In 2017, the Hall tax made up $572,455, or 20% of the city budget for Lookout Mountain, Tennessee. Last year, revenue dropped to $477,145 for Lookout Mountain, according to the Department of Revenue. The town raised its property tax rate from $1.83 to $1.89 per $100 of assessed value last year, in part, to recoup some of the loss.
In Collegedale, the Hall income tax generated $781,443 in 2016. In 2018, funding had already dropped to $266,441.
The state legislature agreed in 2016 to start phasing out the Hall income tax, which often varies widely because of fluctuations in interest rates, investment and profits.
The tax derives its name from State Sen. Frank Hall who introduced the tax in Tennessee in 1929 and applies to interest and dividend income for Tennessee residents. It is the only form of a personal income tax in the state.
The rate prior to 2016 was 6 percent, applied to all taxable interest and dividend income over $1,250 per person or $2,500 for a married couple. The state is reducing the Hall income tax by one percentage point each year, leading to a full repeal of the tax in 2021.

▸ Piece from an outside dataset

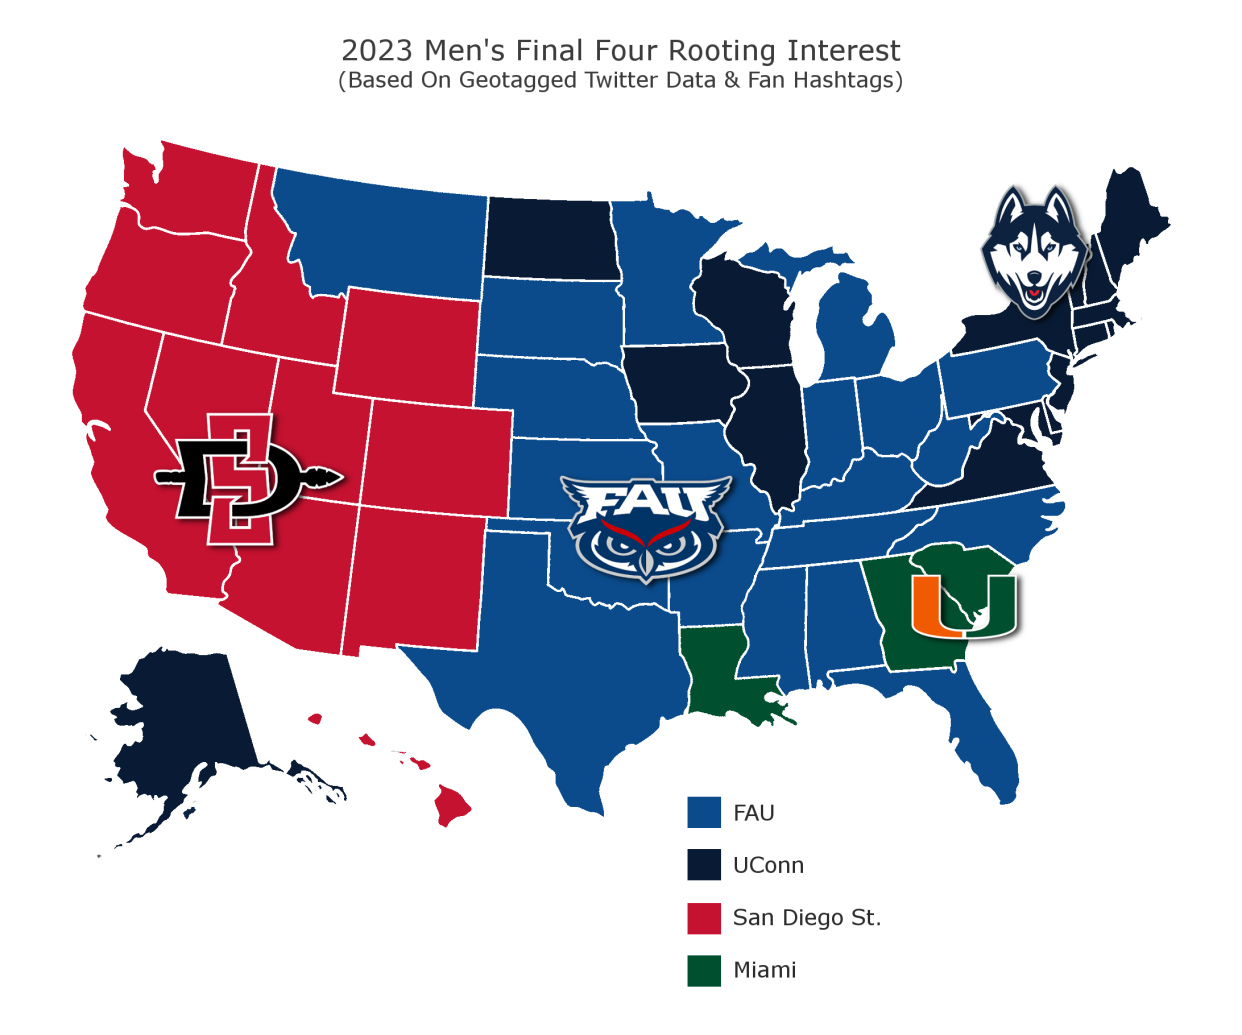 Map showing Men's Final Four rooting interests.

Backers of the repeal of the Hall income tax insist the phase out of the tax is helping to attract new residents and investment to the Volunteer State.
Justin Owen, CEO of the conservative Beacon Group, said the repeal will lead to a stronger state economy and cities that relied upon the Hall tax "should have reined in their spending rather than increase other taxes to offset the minimal lost revenue.
"The Hall Tax repeal is among the most important tax reforms in Tennessee history," he said. "We can finally hold true to our claims of being an income tax-free state, and we no longer punish retirees for saving for their future, drive investors out of our state, and make it harder for entrepreneurs to raise capital."
Owen said most cities relied on the Hall Tax for "a very small percentage of their budgets."
"They should have reined in their spending rather than increase other taxes to offset the minimal lost revenue," he said.
Groups such as the Tax Foundation criticized the Hall income tax because of what it said was a failure to bring in enough revenue to be worth the economic and administrative costs of collecting it. In fiscal year 2012, for example, Hall tax collections accounted for just 0.9 percent of state and local tax collections, according to the group.
That said, some small cities in Tennessee have depended on income generated by the Hall levy and have used the tax in the past to keep other taxes lower. With the elimination of the Hall income tax, some cities are raising property taxes to recoup revenue for municipal services.